I told him that I wasn't up for being one of few. If he wanted to do this, then it was a two person thing. Him going off and hooking up with random girls right after me gave me a disgusting feeling inside. Specifically when we'd done it with the untrustworthy pull out being the latter between keeping it safe and borderline risk of pregnancy.
The first time we went out publicly was after Marisol had been shot and he needed some time to unwind from such a tense situation. So I took him out to dinner. Paid for the meal, drinks and even watched football with him. That was a night to remember.
However - that wasn't the end of it - Eric's birthday party had been.
We slept together, with a few shots down but not enough to even class as tipsy. I wondered why it kept happening whenever they agreed it was the last time. Before then, it was after he came back from his trip to Rio. I'd experienced the wave of emotions that not even half his colleagues had witnessed after working with him for a while.
Spending more and more time with him after work made me realize just what I'd missed from our previous infatuation.
My younger sister called me up a few days ago, sobbing and heartbroken, with the question: "How do you know if he loves you?"
All I told her was: "You'll know if he doesn't."
Hell, as if I'd not contradicted myself already with this unrequited love thing.
..but the birthday present he got me changed my mind.
He didn't buy me any expensive gifts or give me a massive presentation on. Instead, he gave me a bouquet yellow roses with red tips. That's when I knew it was no longer a contradictory matter.

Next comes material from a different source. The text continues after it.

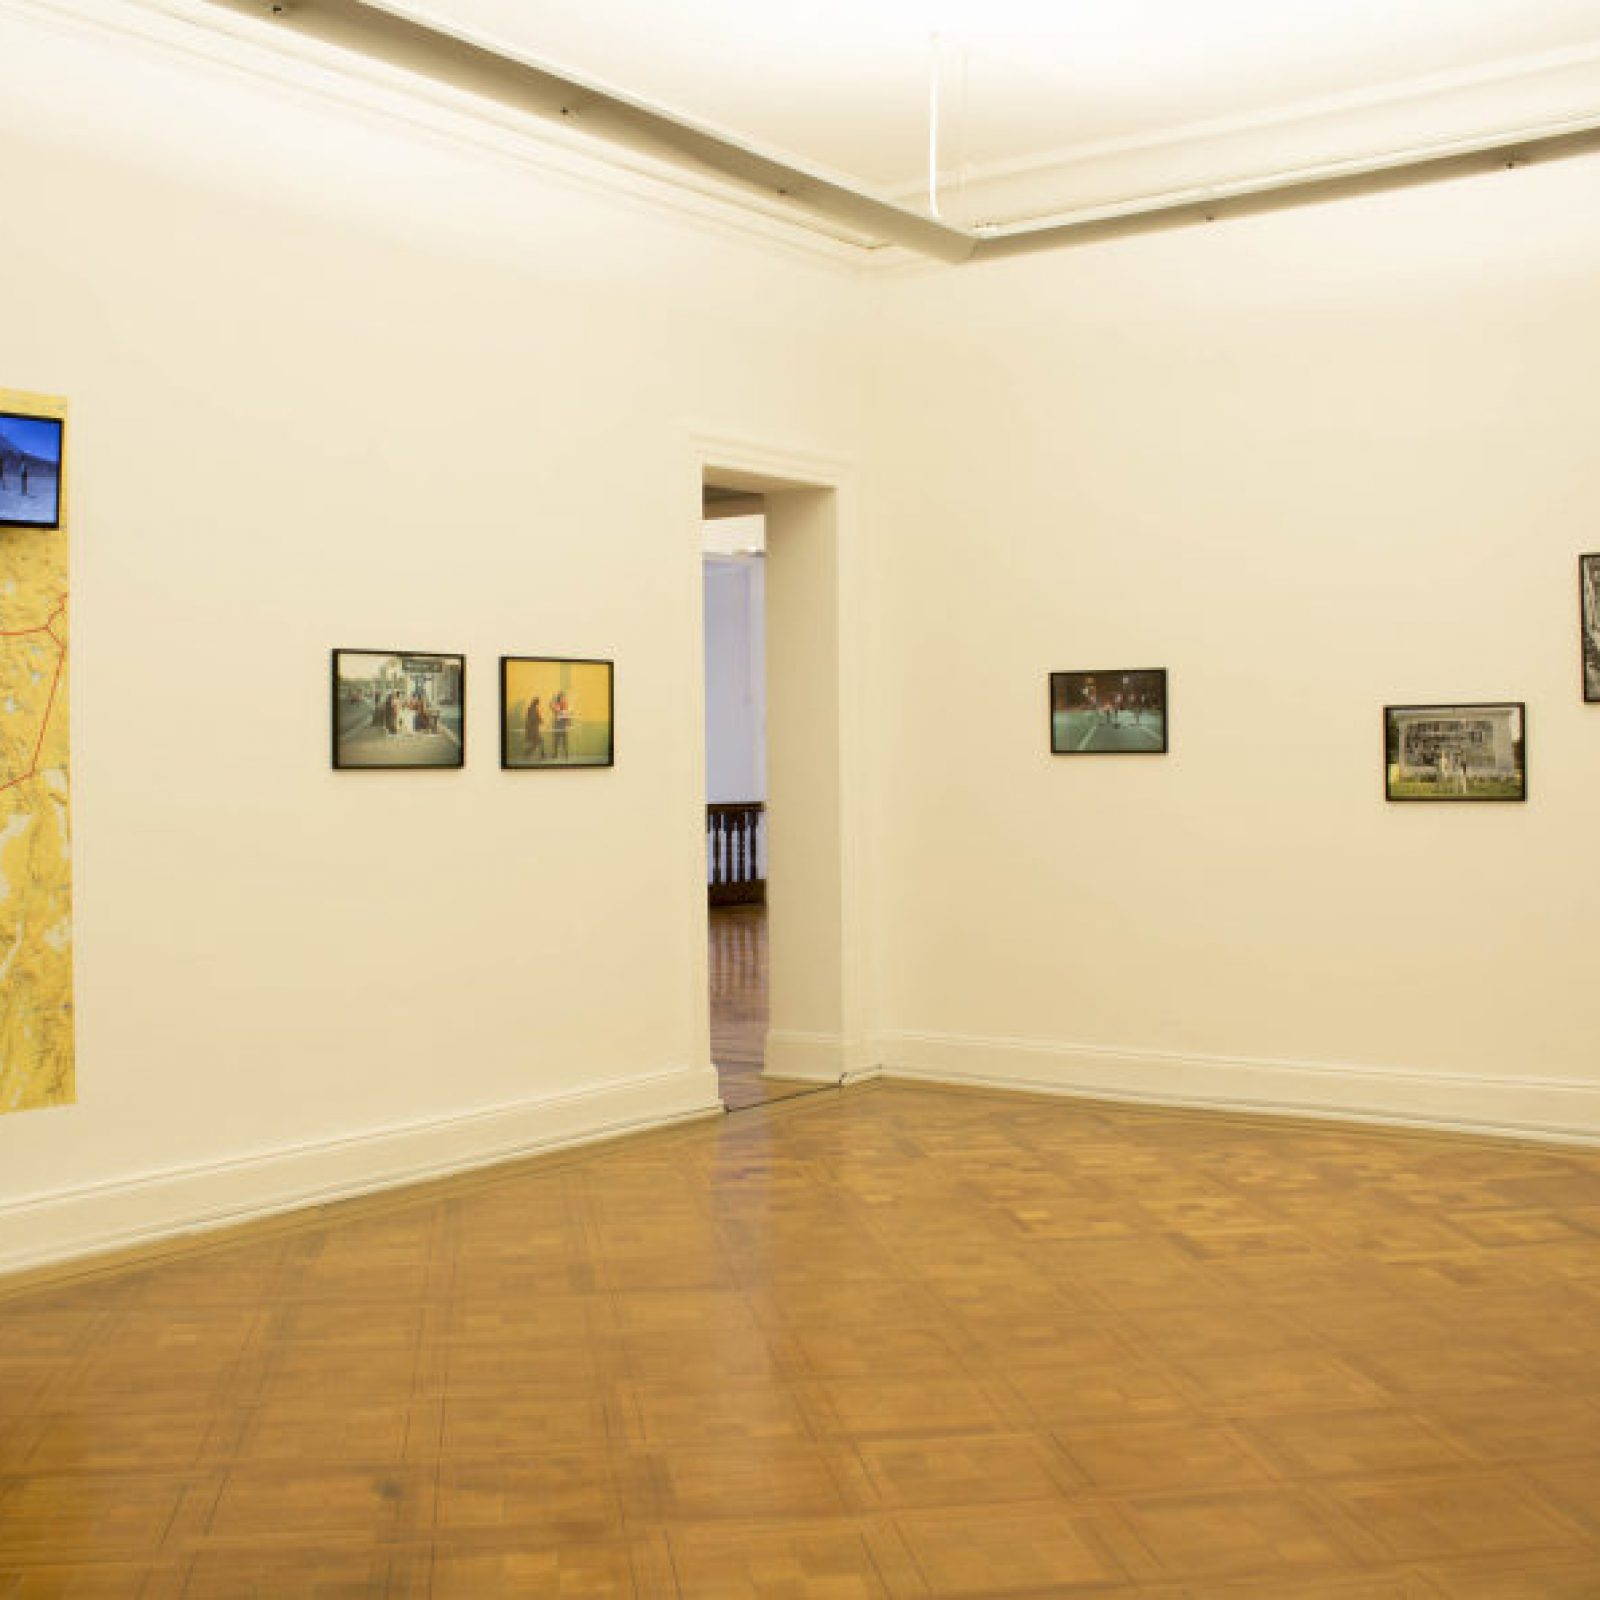 Vista de la exposición "Muros Blandos" en el Museo de la Solidaridad Salvador Allende. Cortesía: MSSA

I'd kissed his cheek, feeling the warmth of his smooth skin against my lips when I did. He had genuinely smiled. In a way that surprised more than just me.
I thanked him and put them on display in my lab, knowing I'd take them home later and pot them.
When did I learn to trust my heart with decisions that should be made with my head?'
Falling in love; the L-word really did take a toll on some people like myself.
These are my confessions,
"I love you Eric.. no matter what happens to us."
A/N: I'll find a song. Marisol only got shot twice, but didn't die (for context). This story is low-key turning into an EDeN based one shot story but km not mad about it. :)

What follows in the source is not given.